Observe what happened when I pushed the jk02.roq sample through YouTube in my original experiment 4 years ago :
Do you see how the canyon walls bleed into the sky ? That’s not supposed to happen. FFmpeg doesn’t do that anymore but I was able to go back into the source code history to find when it did do that :
Academic Answer
FFmpeg fixed this bug in June of 2007 (thanks to Eric Lasota). The problem had to do with premature colorspace conversion in my original decoder.Leftovers
I tried uploading the video again to see if the problem persists in YouTube’s transcoder. First bit of trivia : YouTube detects when you have uploaded the same video twice and rejects the subsequent attempts.
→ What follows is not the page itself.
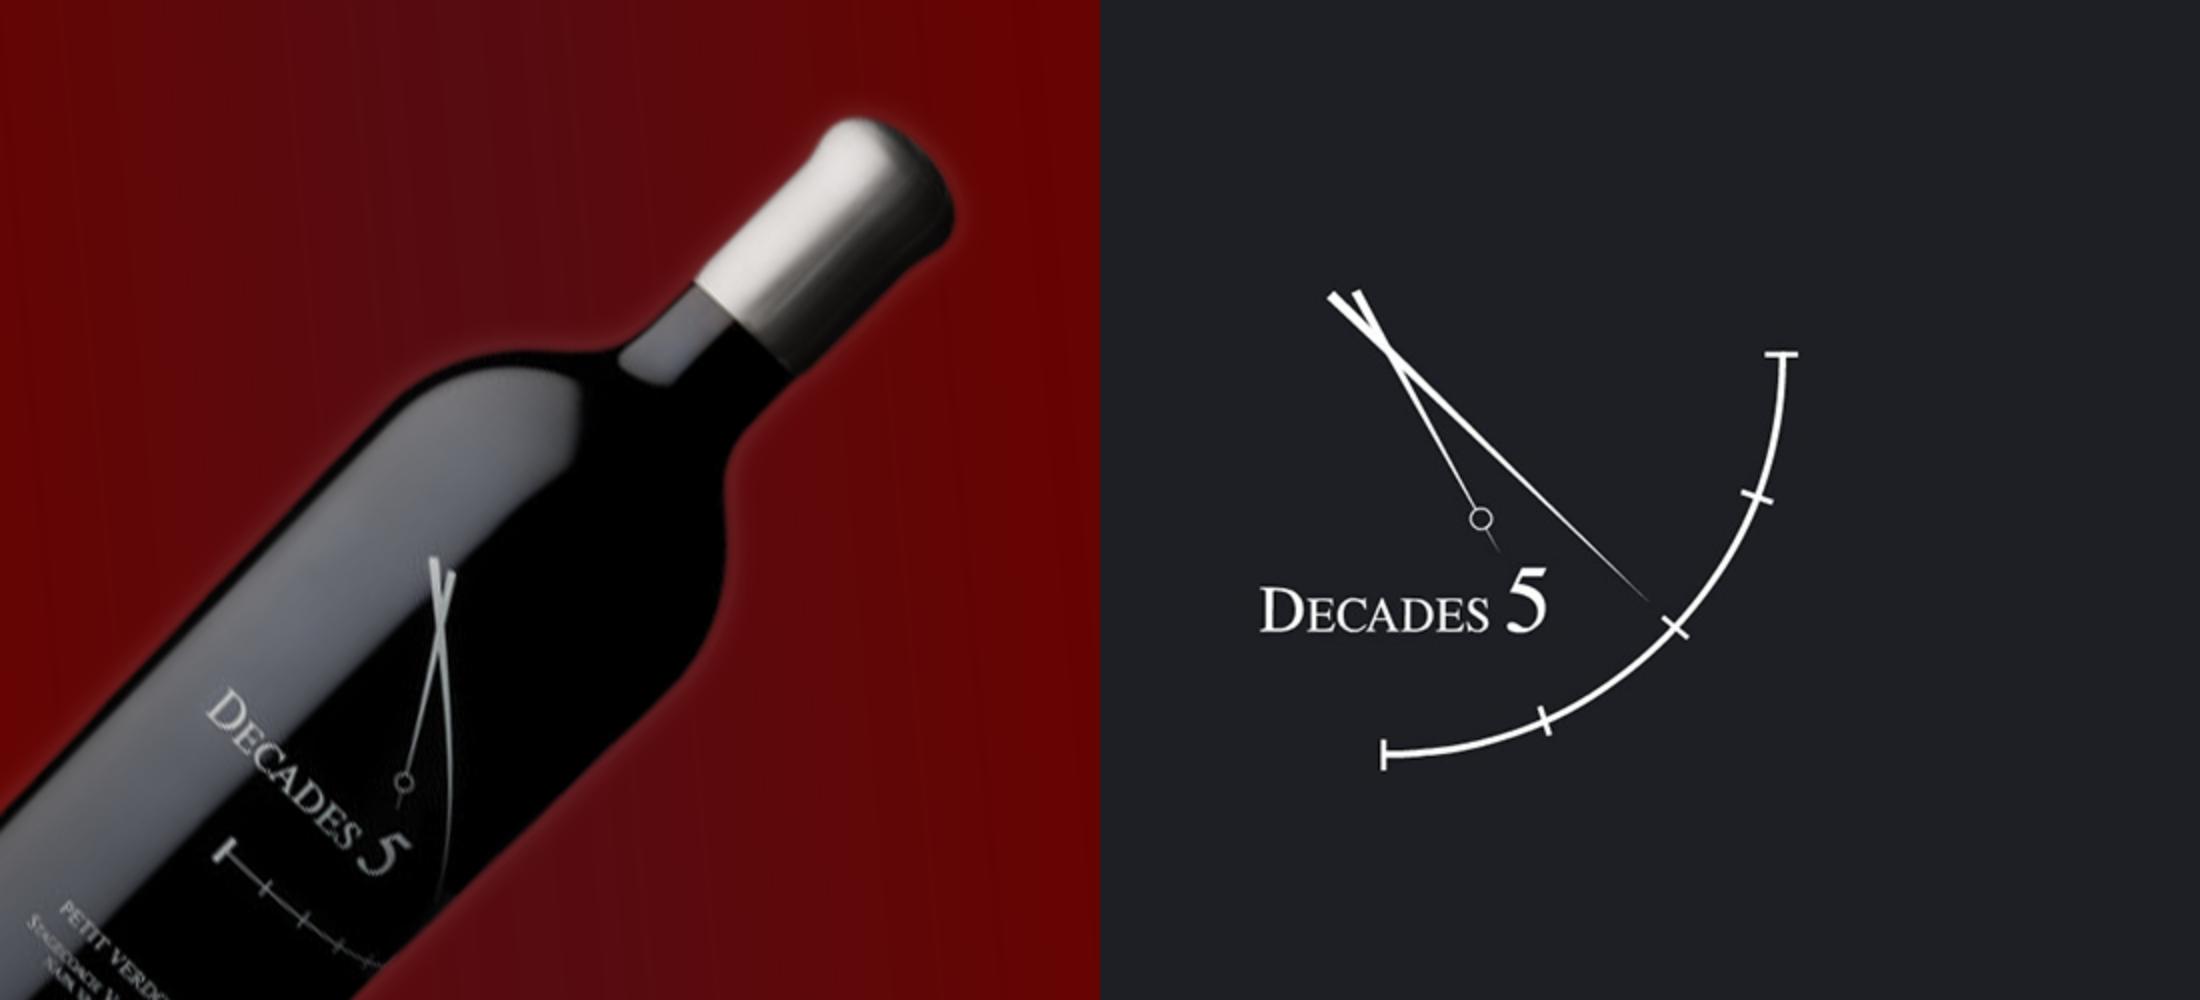 Decades 5 Petit Verdot

So I created a double concatenation of the video and uploaded it. The problem is gone, illustrating that the backend is actually using a newer version of FFmpeg. This surprises me for somewhat esoteric reasons.Here’s another interesting bit of trivia for those who don’t do a lot of YouTube uploading— YouTube reports format details when you upload a video :
So, yep, RoQ format. And you can wager that this will prompt me to go back through the litany of unusual formats that FFmpeg supports to see how YouTube responds.